THE DATA -
'''

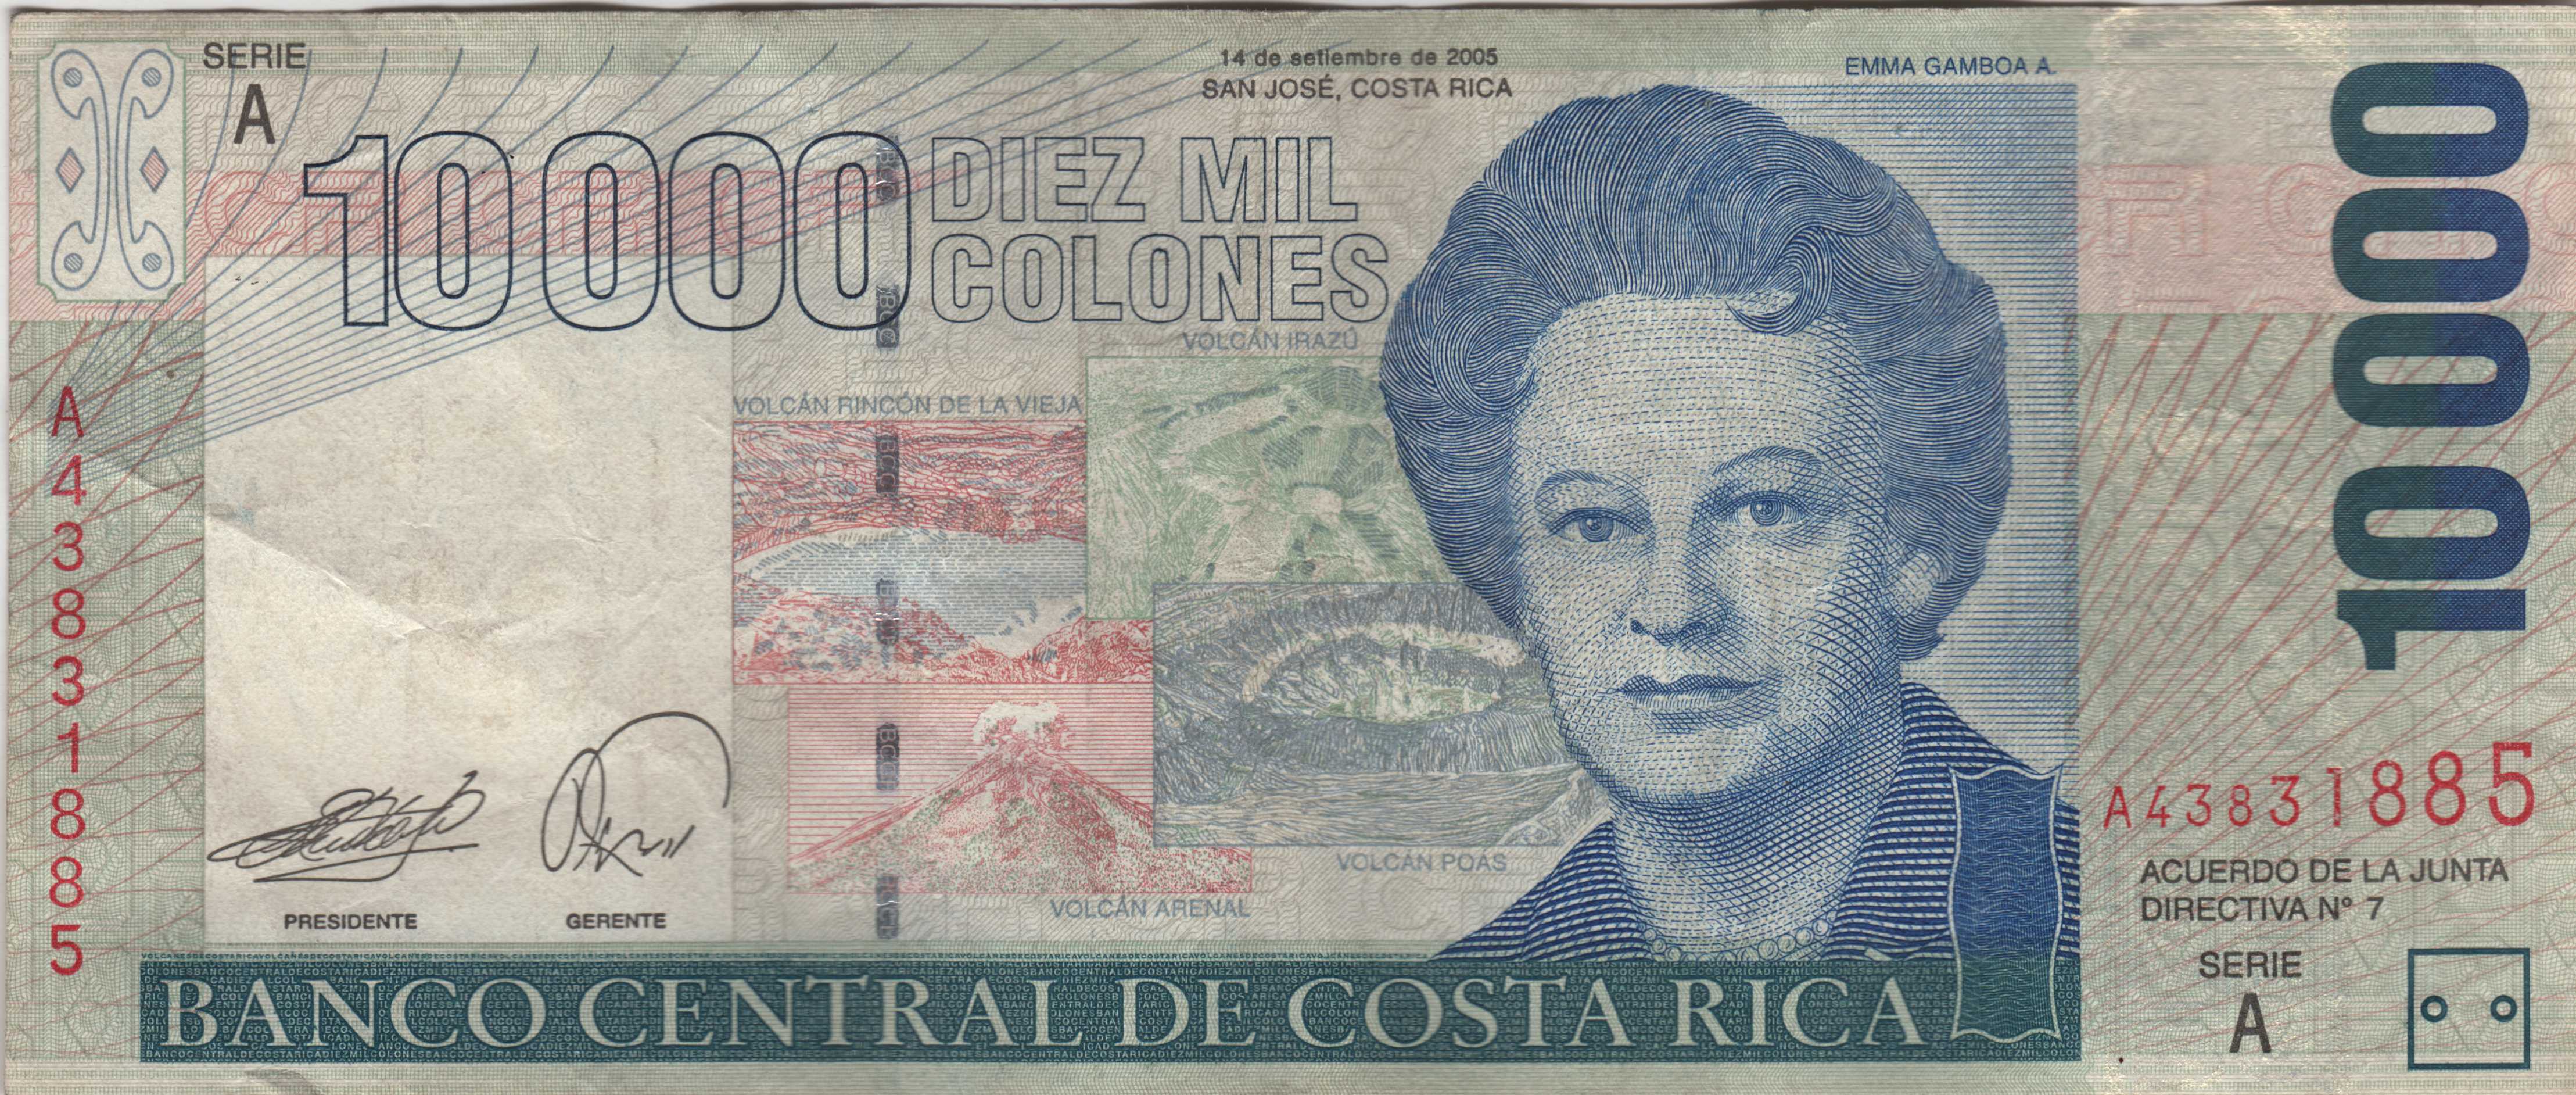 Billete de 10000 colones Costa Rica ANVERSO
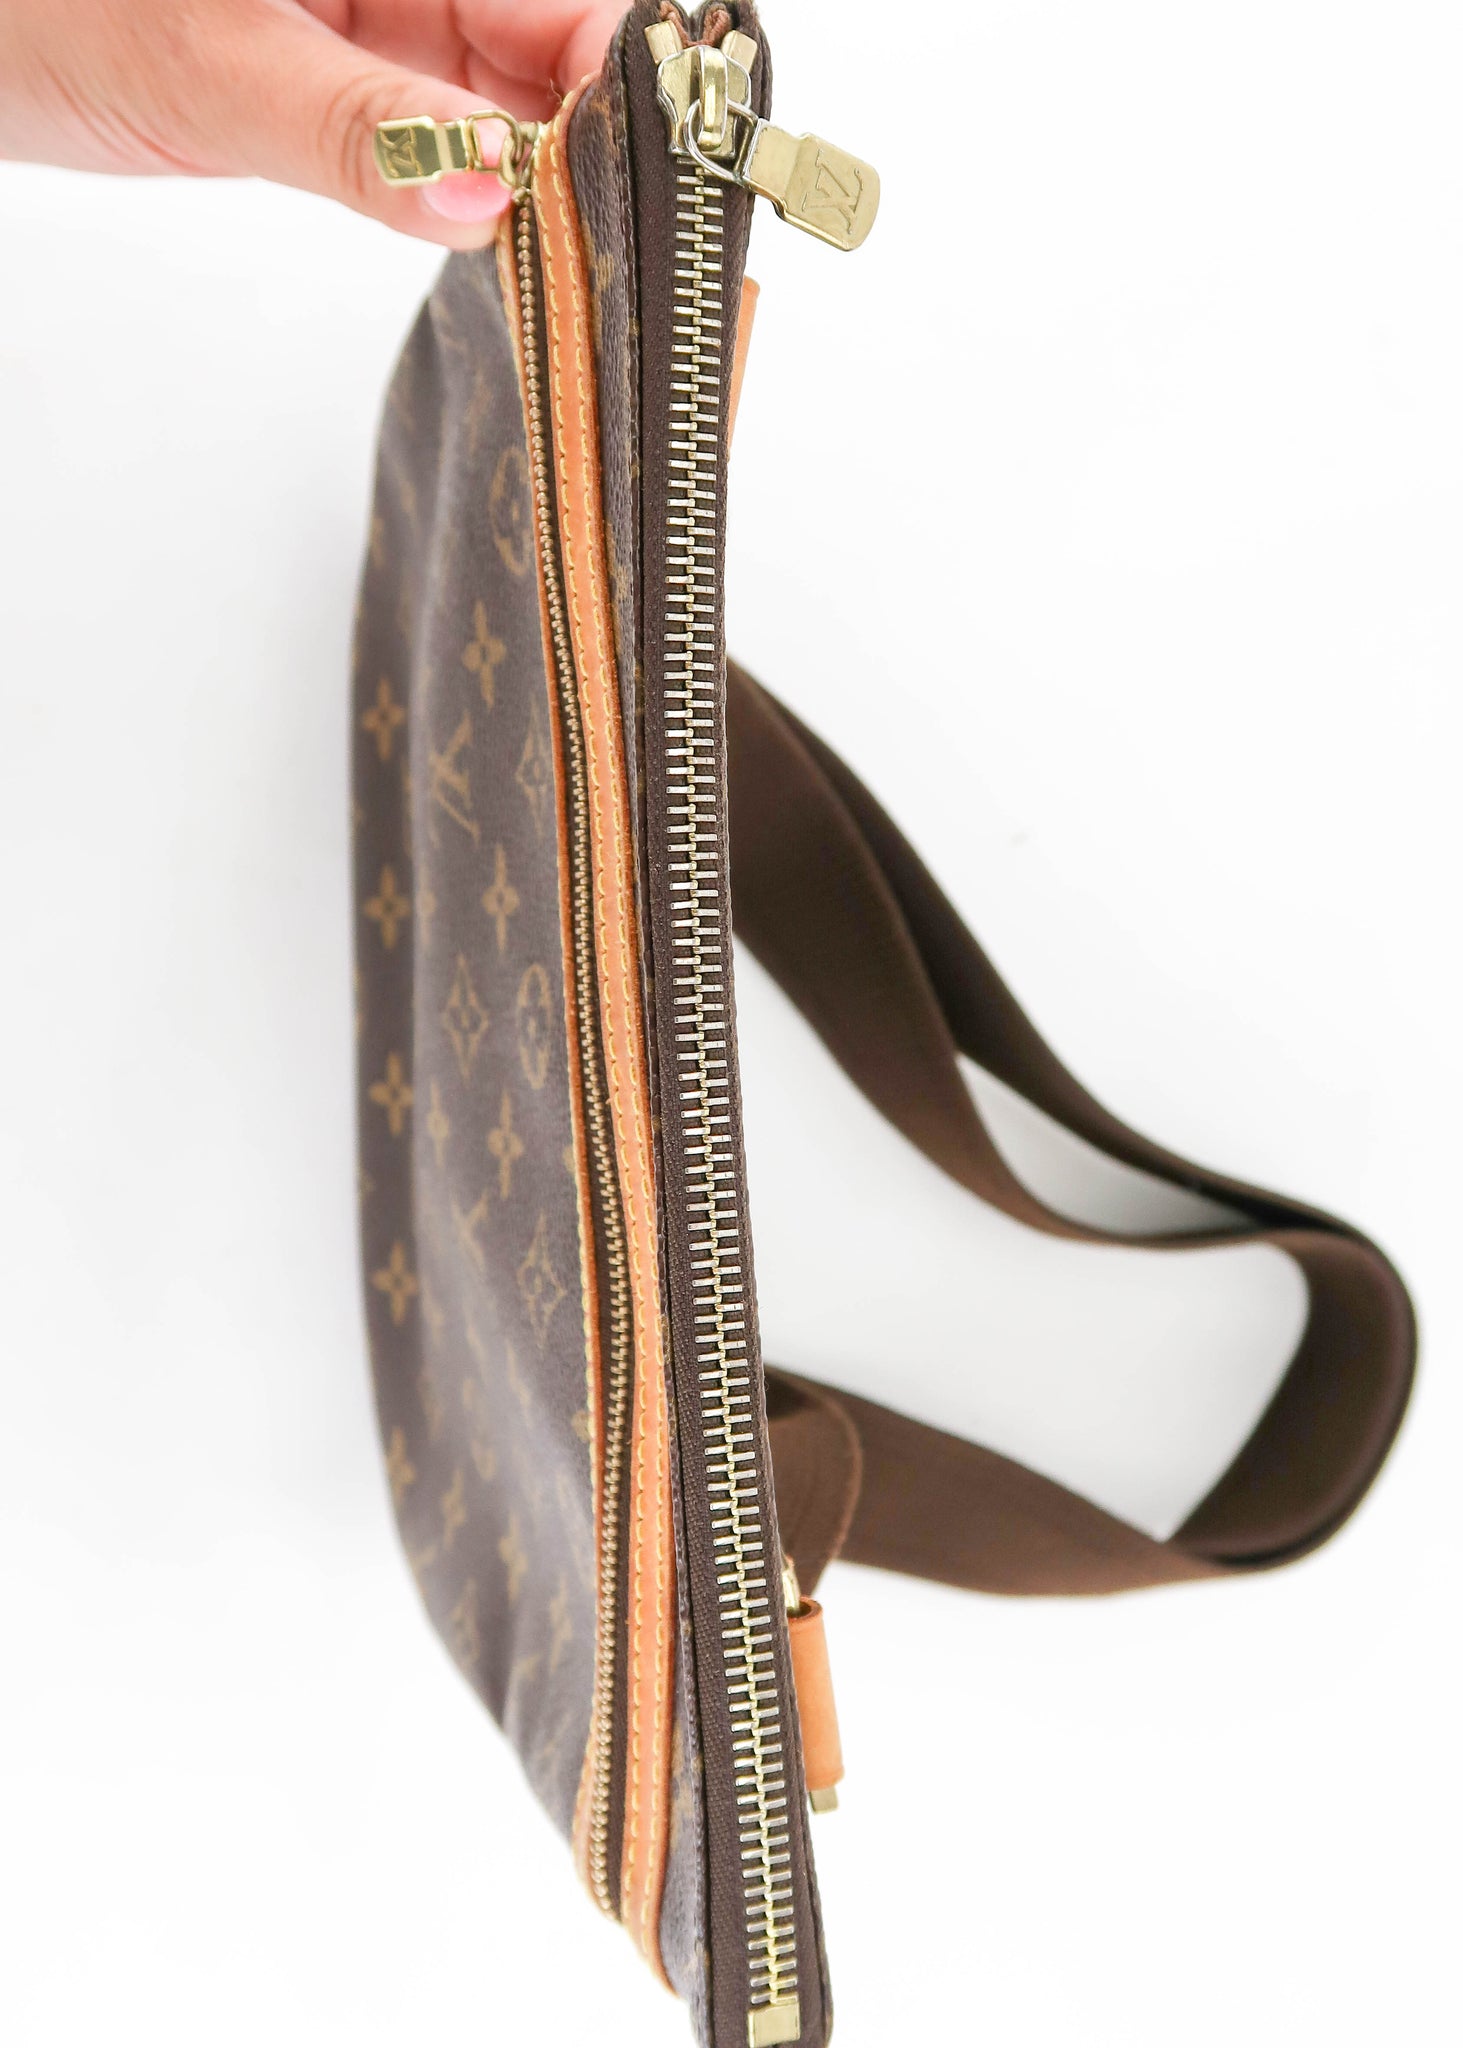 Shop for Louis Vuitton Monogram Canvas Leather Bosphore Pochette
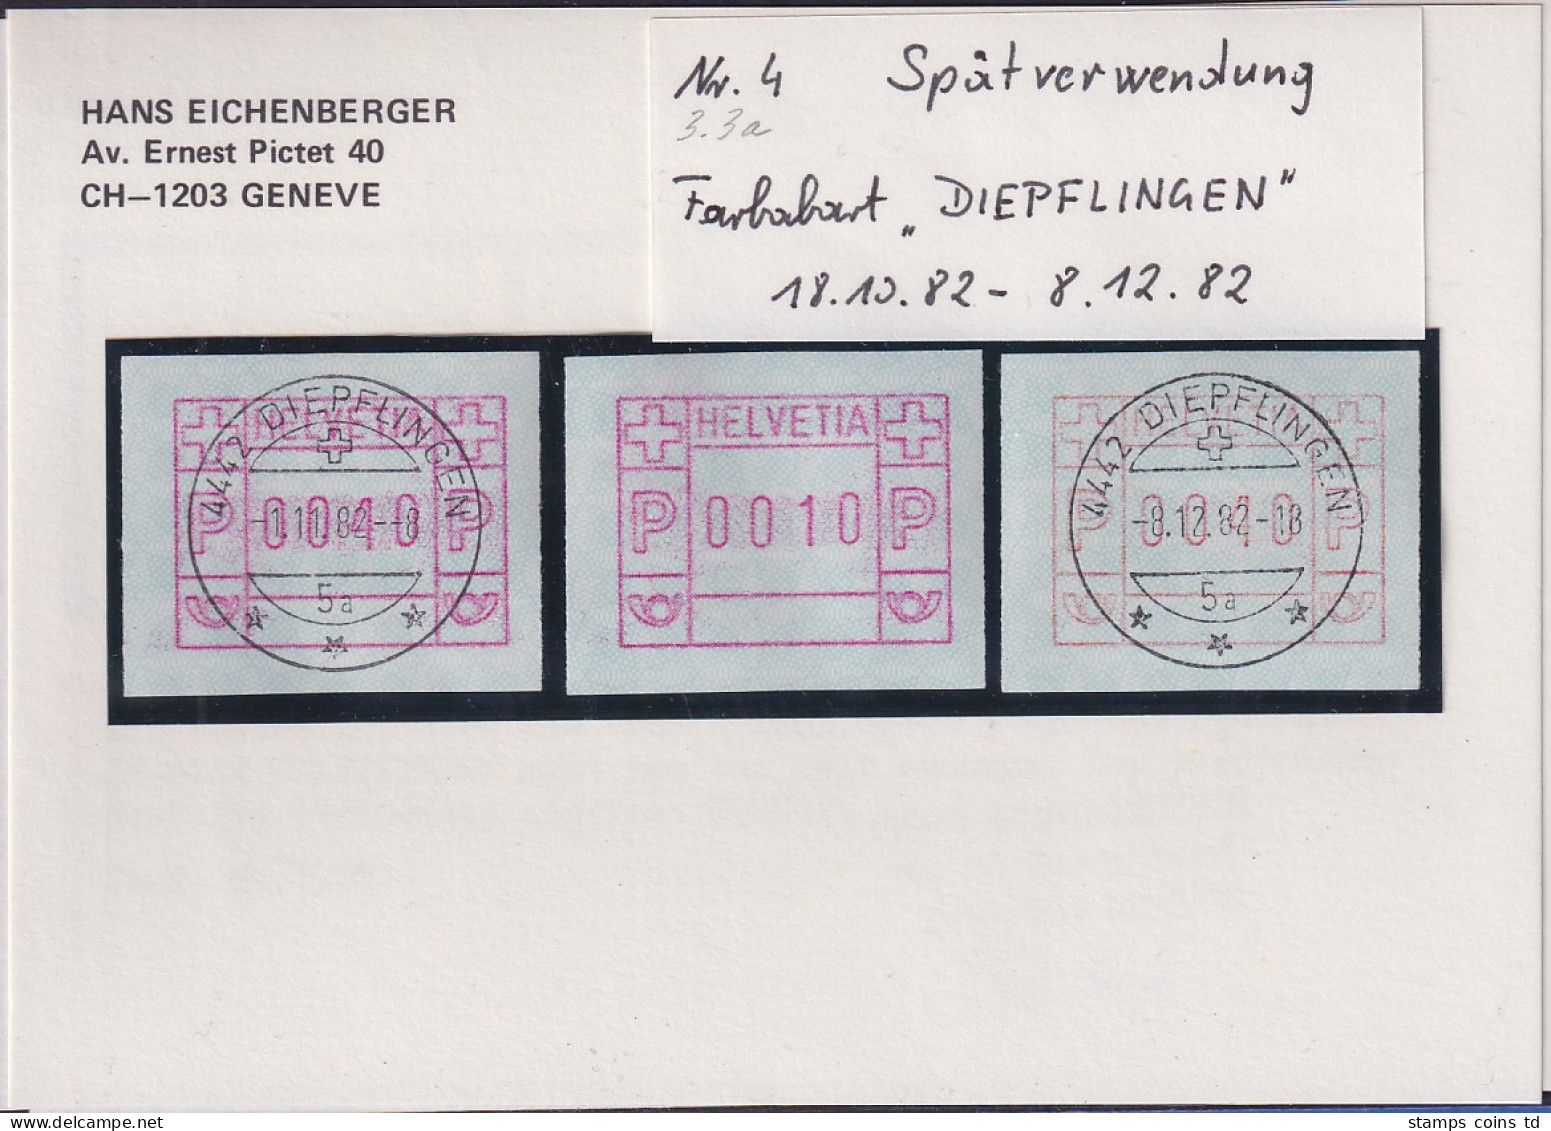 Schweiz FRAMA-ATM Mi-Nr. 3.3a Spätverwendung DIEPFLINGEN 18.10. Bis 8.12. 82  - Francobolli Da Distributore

'''

AIM OF THE TASK - Would you please copy the material exactly, leaving all the pictures out?

EXERCISE RESULT -
 Billete de 10000 colones Costa Rica ANVERSO
 Shop for Louis Vuitton Monogram Canvas Leather Bosphore Pochette
 Schweiz FRAMA-ATM Mi-Nr. 3.3a Spätverwendung DIEPFLINGEN 18.10. Bis 8.12. 82  - Francobolli Da Distributore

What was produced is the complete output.